Smith took advantage of this opportunity. He contacted ten franchises and learned about sales, profitability, employees, and horror stories of partnership agreements. One of the franchisees, was kind enough to send Smith a copy of his financial statements. After examining the differences between the franchisee's numbers and his projected proformas, Smith made some changes (see Exhibit 8 for revised expected scenario). One of the most significant changes that Smith noticed was the cost of the franchise. Earlier, Smith estimated the cost of a franchise at $275,000. After talking with franchisees in college towns, he estimated the cost of starting a franchise in Gainesville at $220,000, including working capital. Smith also noticed that he initially overestimated the profitability of the business. In his original financial statements, Smith estimated the expected net income of the business at: $34,400, $91,800, $116,800, $135,700, and $138,300 for the years 1997-2001. He revised his figures to be: $29,000, $49,000, $67,600, $87,100, and $87,800. There was a significant difference, primarily due to his failure to include employee wages in the financial statements. This was a gross oversight. Smith realized that he needed to get the partnership agreement out of the way as soon as possible. Beano's had given Smith and Harris the green light. Now it was time for them to produce a partnership agreement and move forward with the construction of the franchise.

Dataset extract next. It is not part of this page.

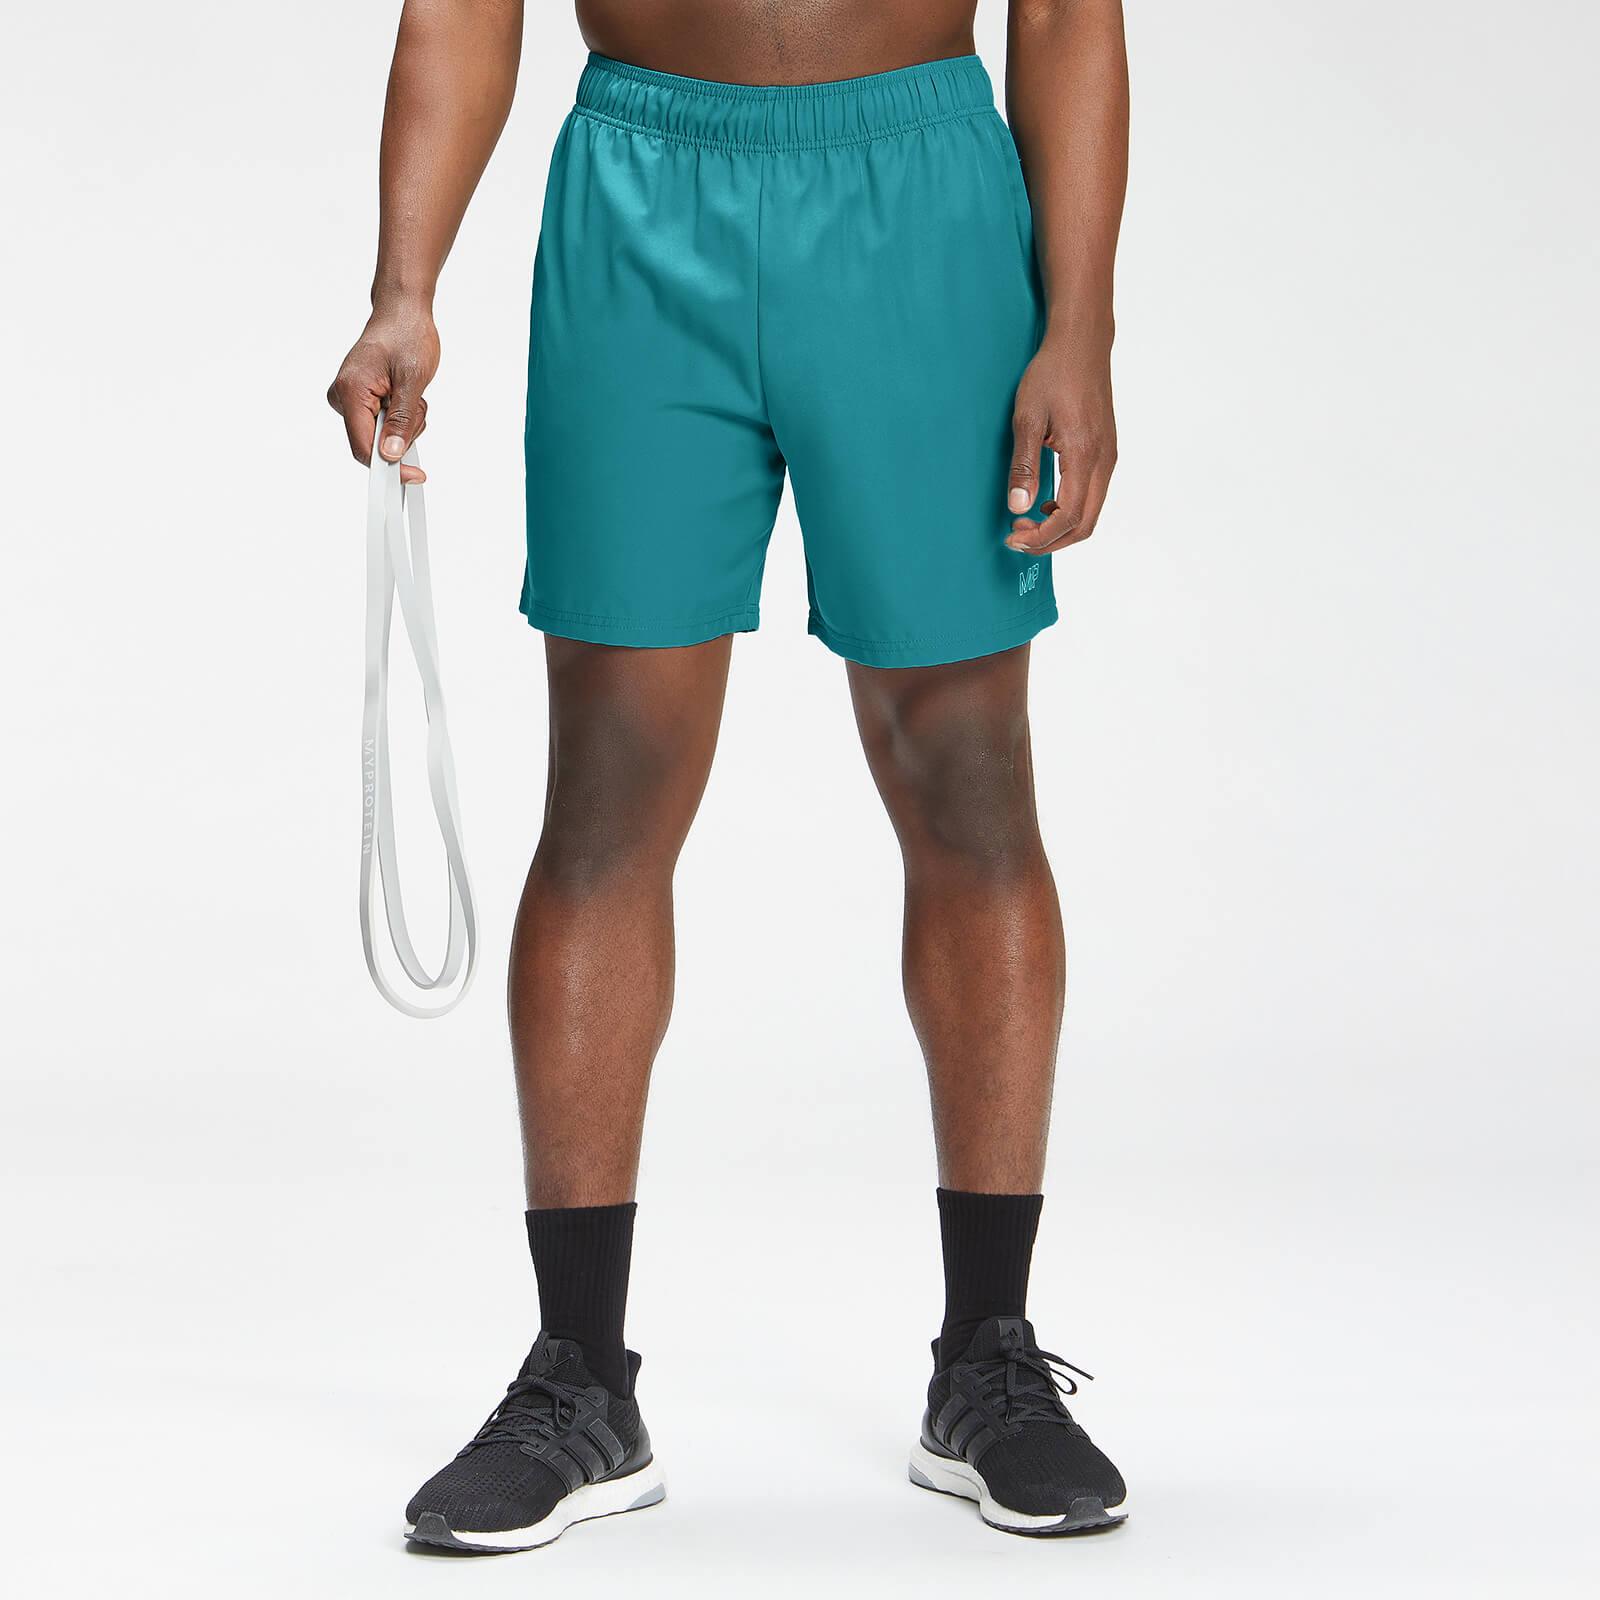 Купить MP Men's Repeat Mark Graphic Training Shorts - Teal - XXS, Myprotein International

HARRIS'S PARTNERSHIP PROPOSAL
Smith went to Harris and told him that it was time for them to draw up a partnership agreement. They had previously talked about a partnership proposal where Harris's percentage of the business would be 33% for an investment of $100,000. Smith offered to write up the proposal. However, Harris insisted that he would write up the initial proposal. Two weeks later, Smith received it (see Exhibit 9). Smith found three surprises in this proposal. First, Harris changed the structure of the deal. Second, Harris charged him for accounting services, when Smith could do the book work himself. Third, the buy-out clause proposed three times the cash flow of the business, averaged over the number of years they were in business, divided by the ownership percentage. Cash flow was not defined. Smith was stunned. Quickly, he sketched the proposal that he had expected to receive, so that he could compare them side by side (see Exhibit 10).
CONCLUSIONS
Terry Smith winced as he turned away from his "I LOVE BEANO'S ICE CREAM" bumper sticker. He knew he had three choices: take what Harris had offered in the proposal, even though it was not the proposal Smith had expected; give Harris a counter proposal that included the three changes Smith wanted, knowing that there was a chance that Harris would back away from the deal altogether; or, start looking for a new partner. Smith started to walk across the parking lot, knowing it was time to make his next move.
Questions!!!!:
Directions for Harris
Question 1 - Why does Harris's deal seem fair (from his perspective)? Question 2 - Do you think this is a wise investment for Harris? What do you think about the earnings your partner, Smith, will make by working in the business (and through dividends)? Is it appropriate? Why or why not? Question 3 - Do you think Harris should form a partnership with Smith? Why or why not?